Now add inflation at, say, 6%. That ₹50,000 monthly budget could become ₹1.6 lakh in 20 years. And that’s why you need more than a “big enough” retirement corpus. You need a strategy that helps your income keep up with rising costs. Let’s look at some key risks which can erode your wealth.

Think ₹1 crore is enough? At 6% inflation, the real value of that corpus halves in 12 years. To counter the effects of inflation, you should keep a portion of savings invested in inflation-beating assets that invest in equity market. Unit-Linked Pension Plans are specifically designed to help you build a retirement corpus which helps generate guaranteed income after retirement.

These plans work best if you start investing early. A ULIP Pension Plan has two phases: Accumulation phase and payout phase. During working years, you accumulate a big corpus by investing regularly and earning market-linked returns on the investments. And when you retire, you can withdraw a certain portion (up to 60%) of corpus tax-free and also get regular guaranteed income from balance amount.
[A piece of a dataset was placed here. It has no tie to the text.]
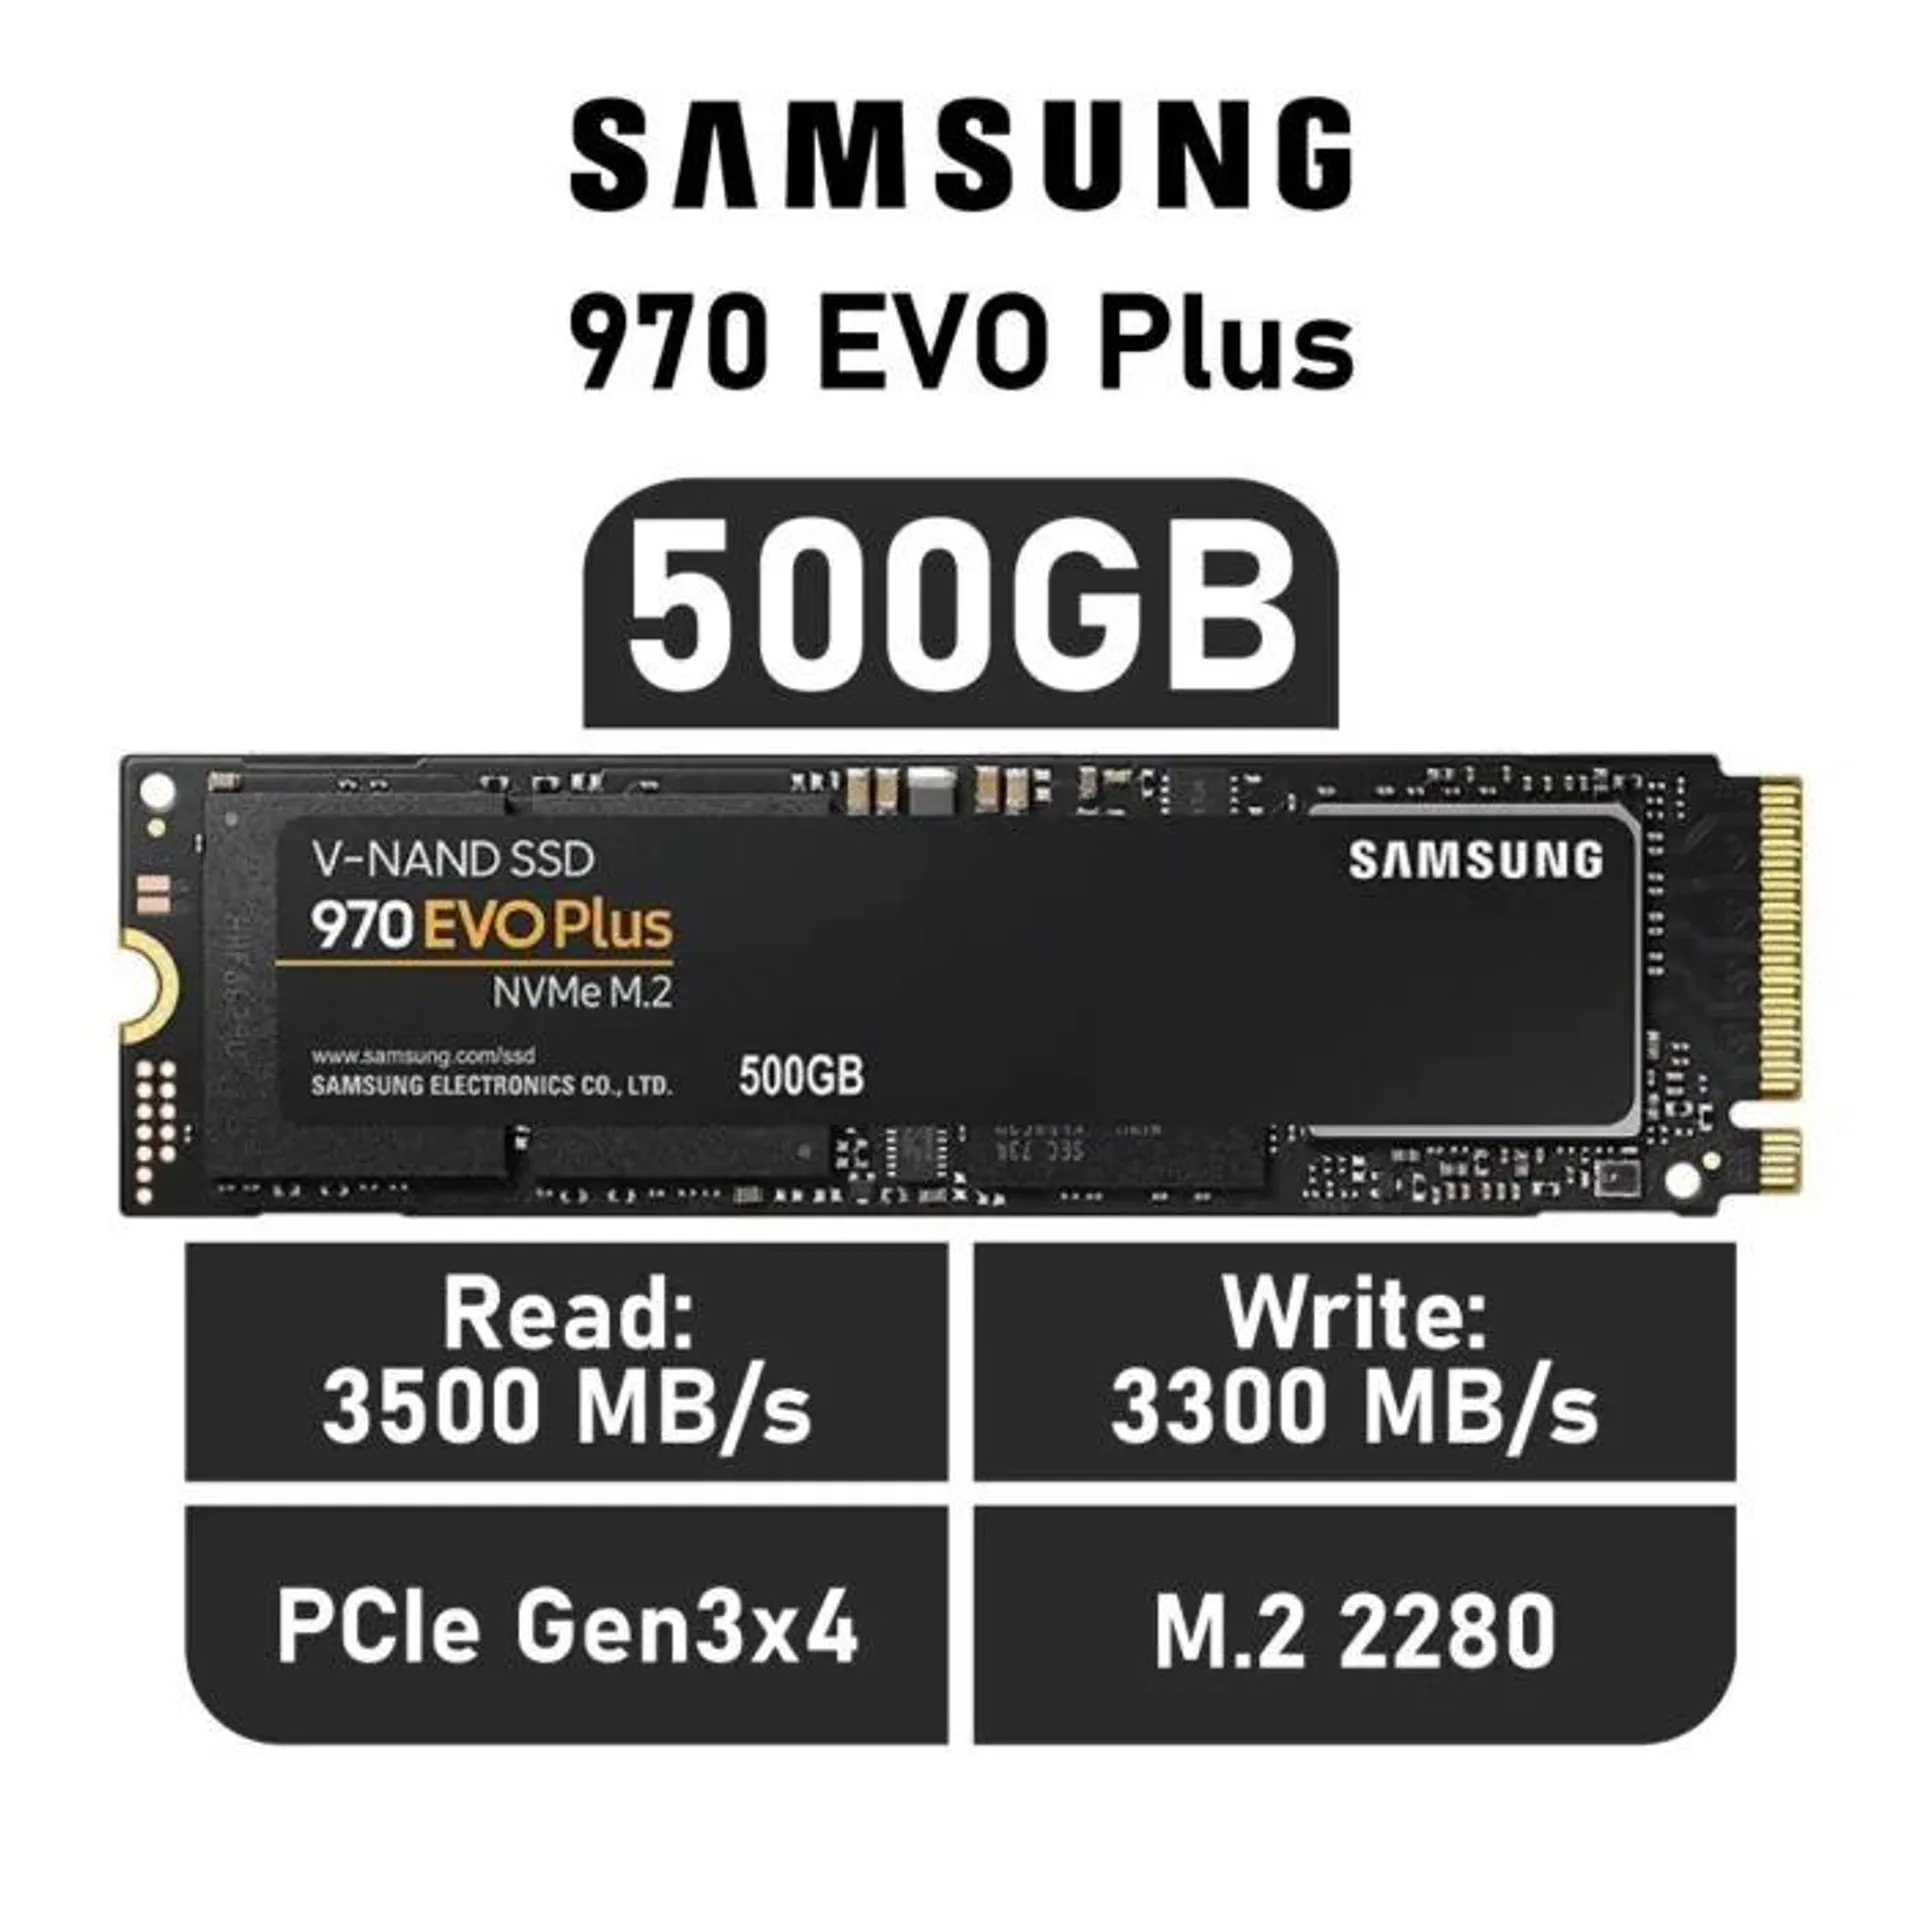 Samsung 970 EVO Plus 500GB PCIe Gen3x4 MZ-V7S500BW M.2 2280 Solid State Drive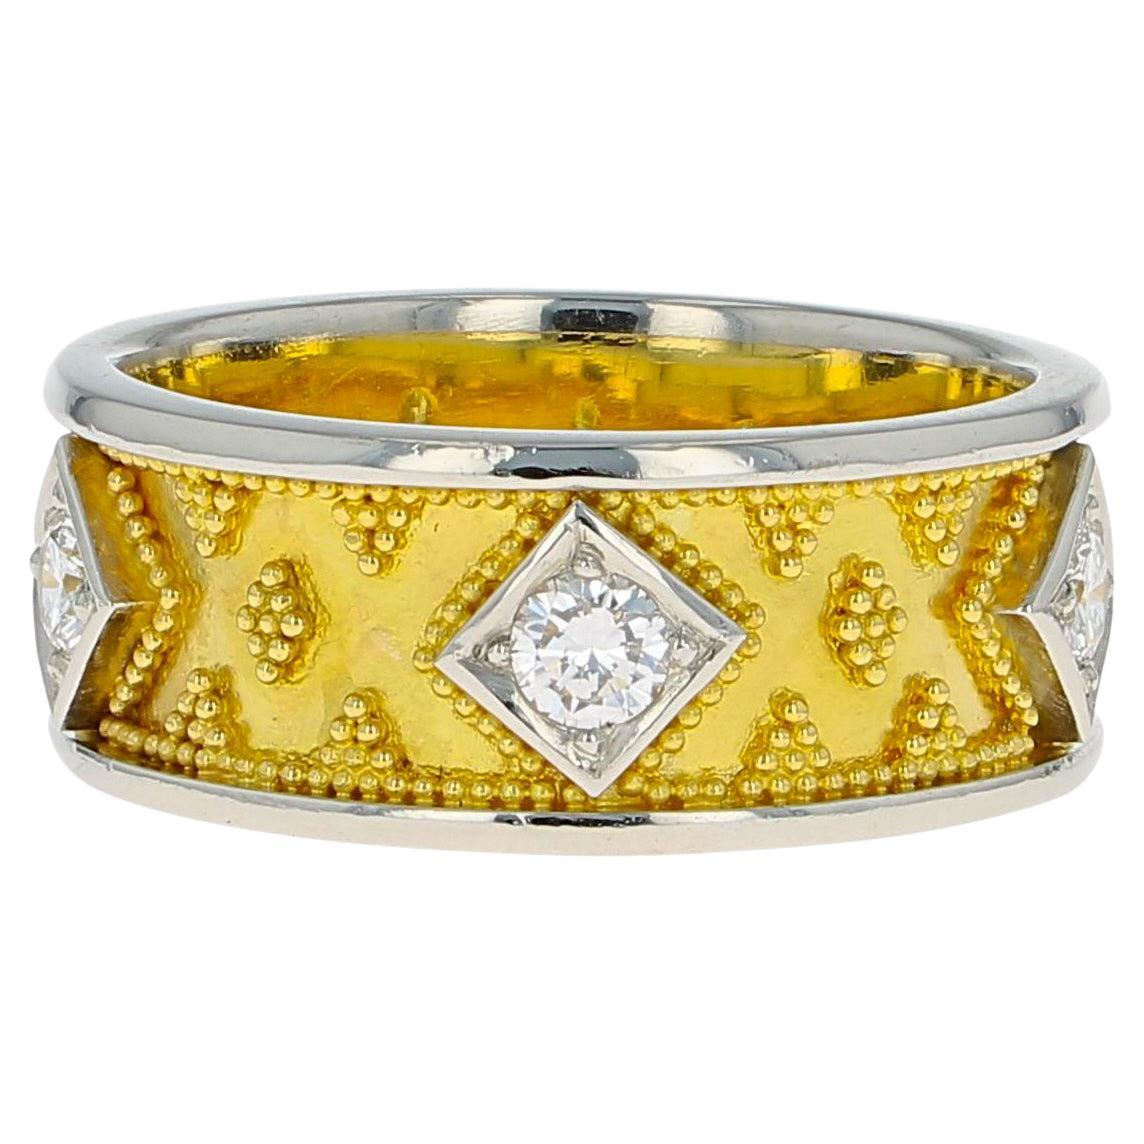 18 Karat Gold and Platinum Band Ring with Diamonds and Granulation

A great feature is you can invest in a mix of equity and debt funds and switch between them. So you can stay equity-heavy in accumulation phase for faster growth and when nearing retirement you can remain debt-heavy to preserve capital.

Medical inflation Healthcare costs in India are rising by 12–14% annually. This problem has a simple solution: health insurance. A comprehensive health insurance policy with lifetime renewability can ensure you won’t have to dip into savings for any medical emergency. You must also explore topping up your insurance plan.

Longevity risk

If you’ve planned finances to last till 80 but live till 90, you could run out of money. The guaranteed regular income from Pension ULIPs on maturity ensures you get income for life irrespective of age.

Withdrawals Pulling out big chunks for lifestyle expenses or emergencies early in retirement can put strain on future needs. Unit Linked Pension Plans ensure at least 40% of corpus is set aside to give you guaranteed return for life, thus securing your retirement.

Thus, Pension ULIPs help you to counter these risks by providing the flexibility of partial withdrawals allowed for specific life events while the discipline of ensuring 40% of corpus is always set aside to give you guaranteed returns for life ensures you never run out of money. The rest can be withdrawn tax-free under Section 10 (10A) and Clause 23AAB of Income Tax Act, 1961

You can also consider National Pension Scheme (NPS), a government-backed plan which allows up to 75% of contributions to be invested in market-linked instruments with balance in safer debt options. Once you hit 60, at least 40% of the corpus goes into an annuity, giving a steady, guaranteed income for life.

A checklist

Figure out how much monthly income you need to live a comfortable life post retirement. Then use the 4% rule to arrive at the corpus size. For example, if you need ₹50,000 every month, then you need a corpus of ₹1.5 crore. But if you are expecting to retire after a decade or two, you need to adjust this number for inflation.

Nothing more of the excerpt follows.